Source records START

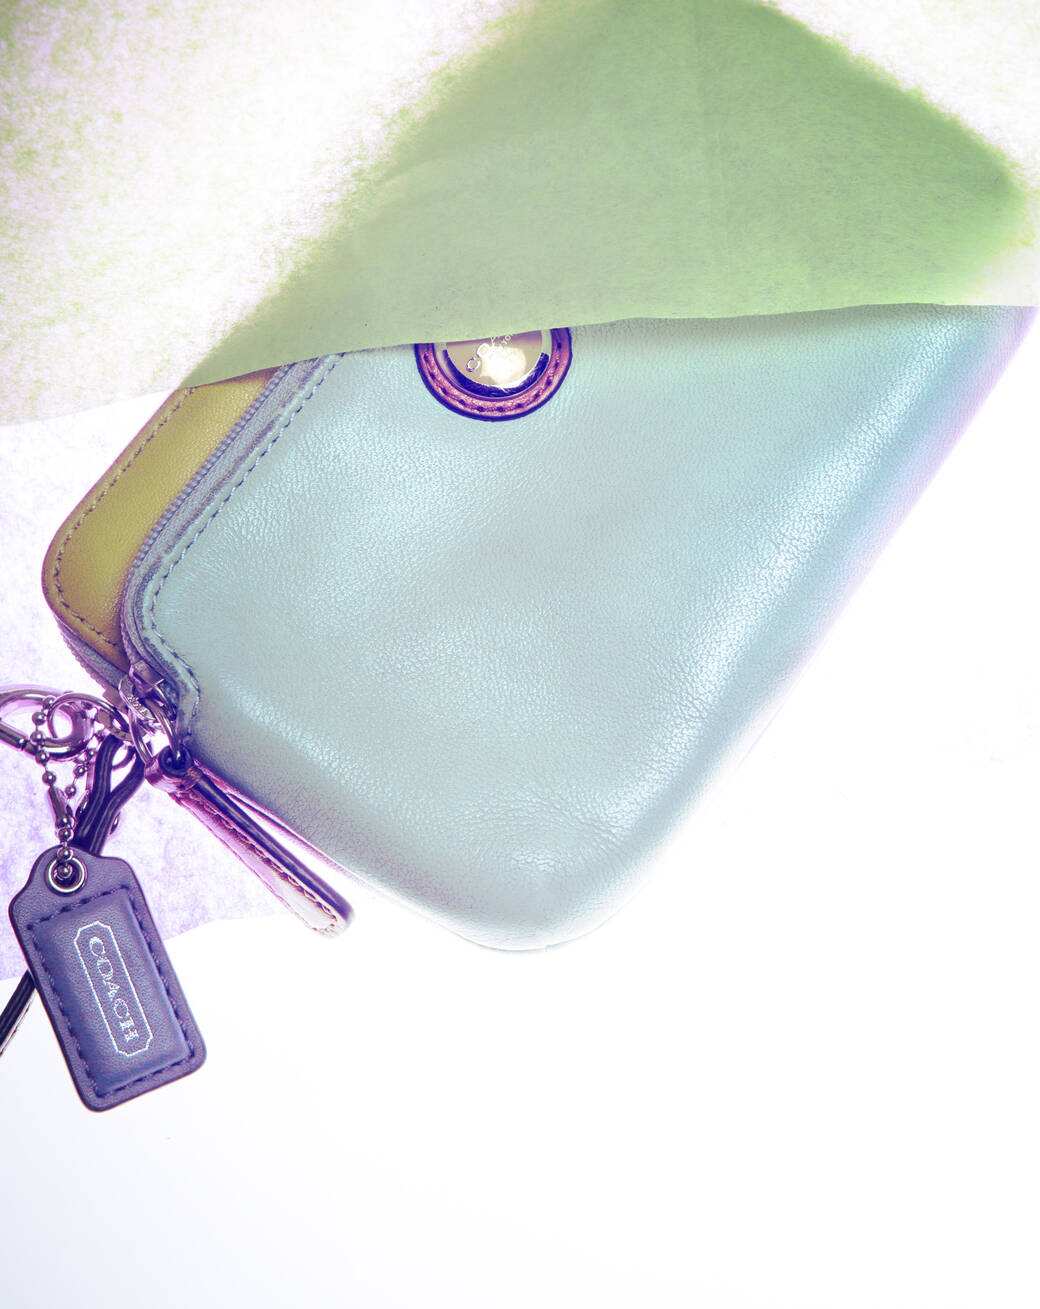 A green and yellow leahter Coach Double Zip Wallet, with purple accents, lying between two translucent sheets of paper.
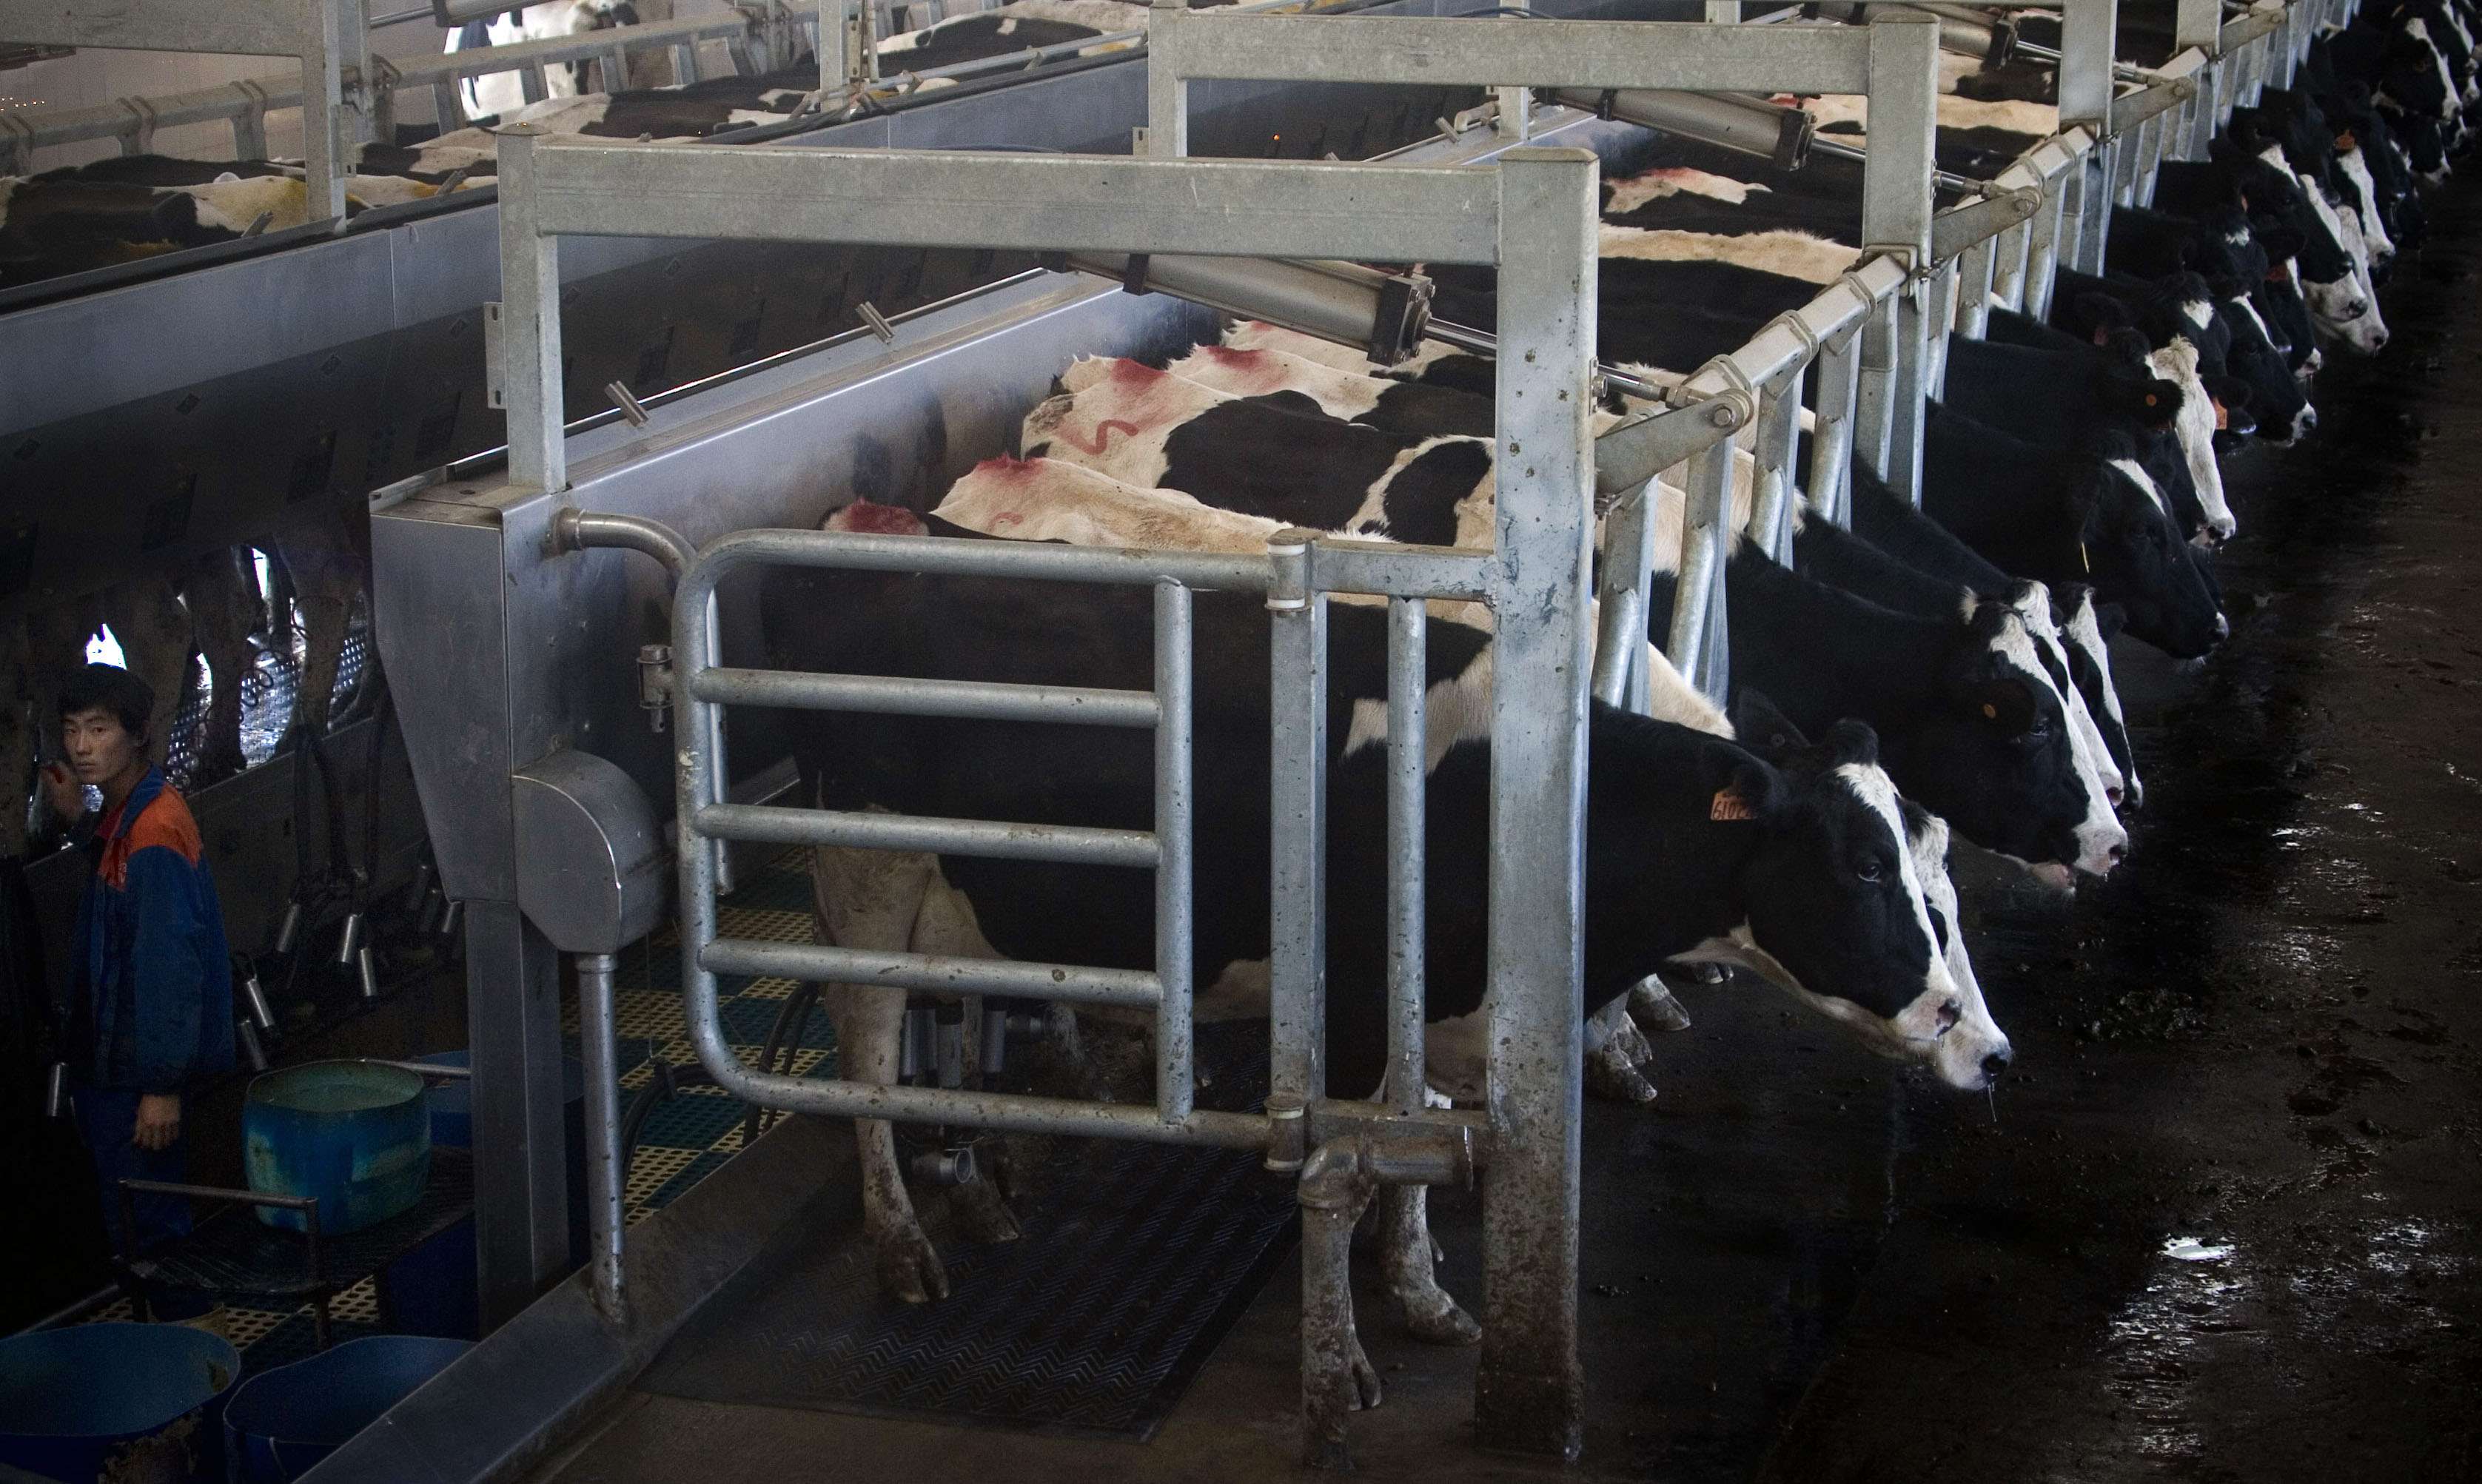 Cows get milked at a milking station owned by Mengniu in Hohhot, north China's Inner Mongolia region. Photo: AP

Source records END
Source records START

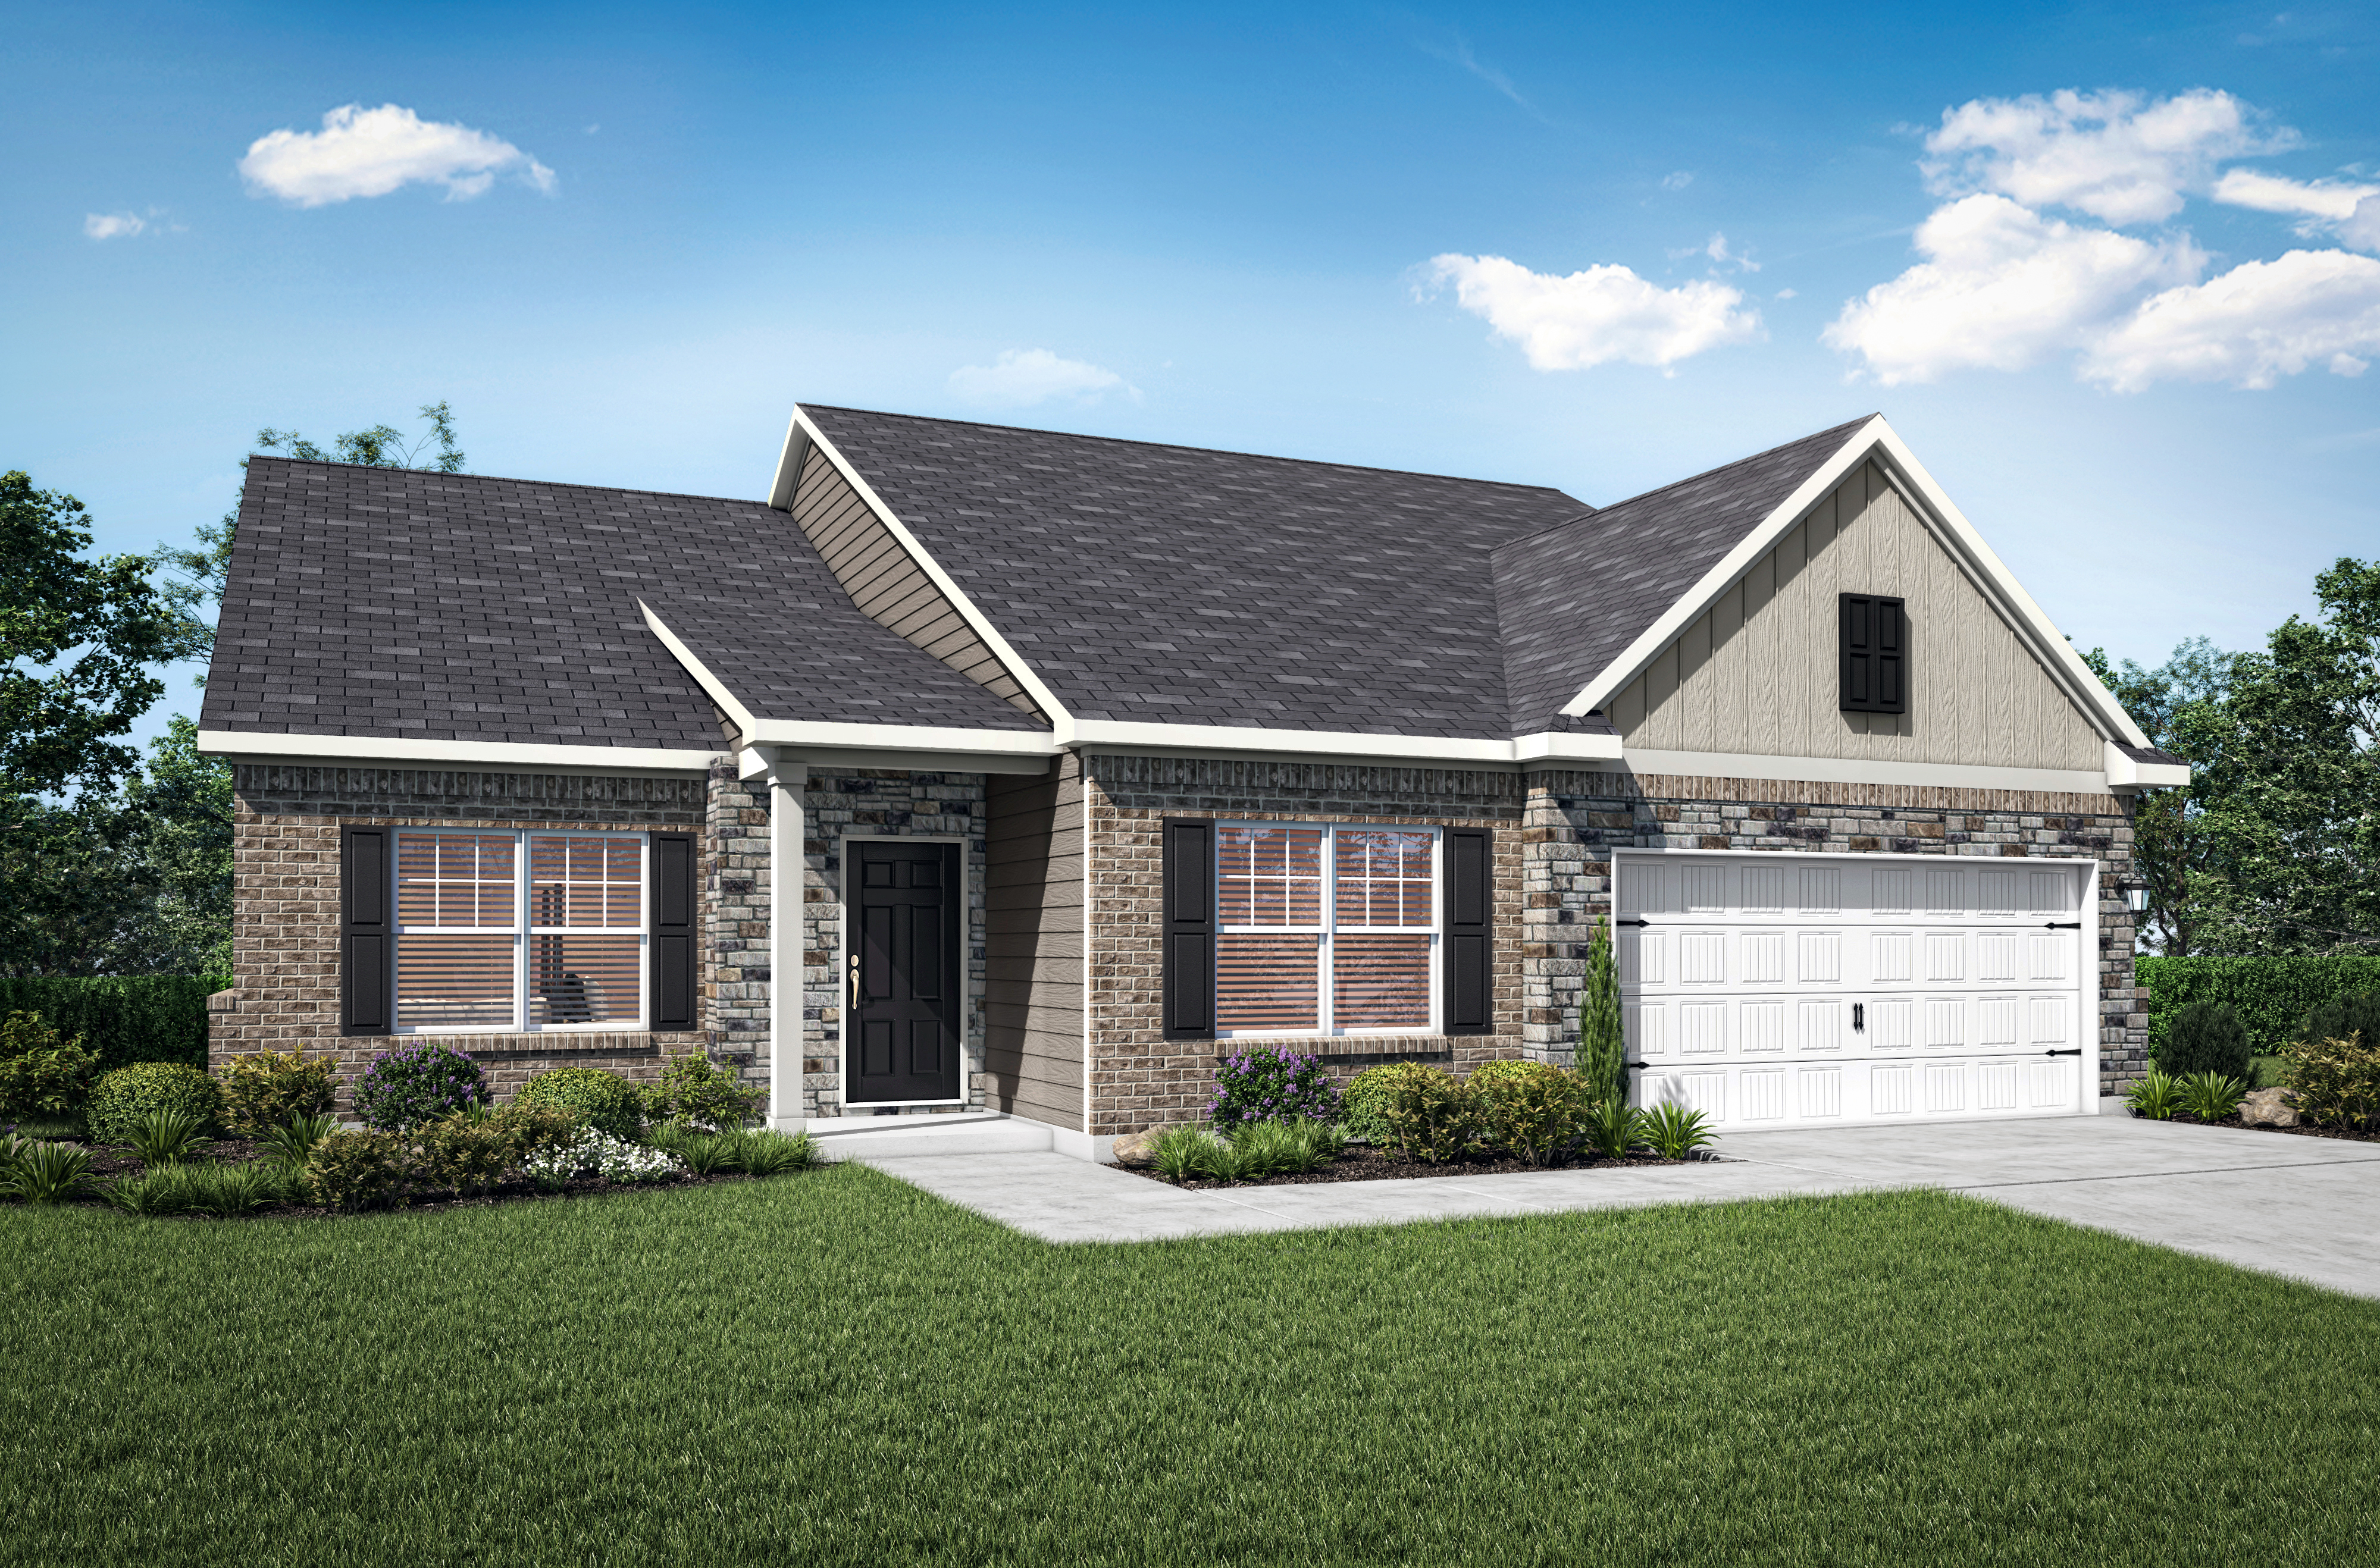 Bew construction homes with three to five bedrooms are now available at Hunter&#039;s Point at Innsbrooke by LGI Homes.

Source records END

> **What to produce**:
From the listing above, repeat only the lines between the line containing "A green and" and the line containing "Cows get milked", those two included. Pictures are not part of the copy.

> **Response box**:
 A green and yellow leahter Coach Double Zip Wallet, with purple accents, lying between two translucent sheets of paper.
 Cows get milked at a milking station owned by Mengniu in Hohhot, north China's Inner Mongolia region. Photo: AP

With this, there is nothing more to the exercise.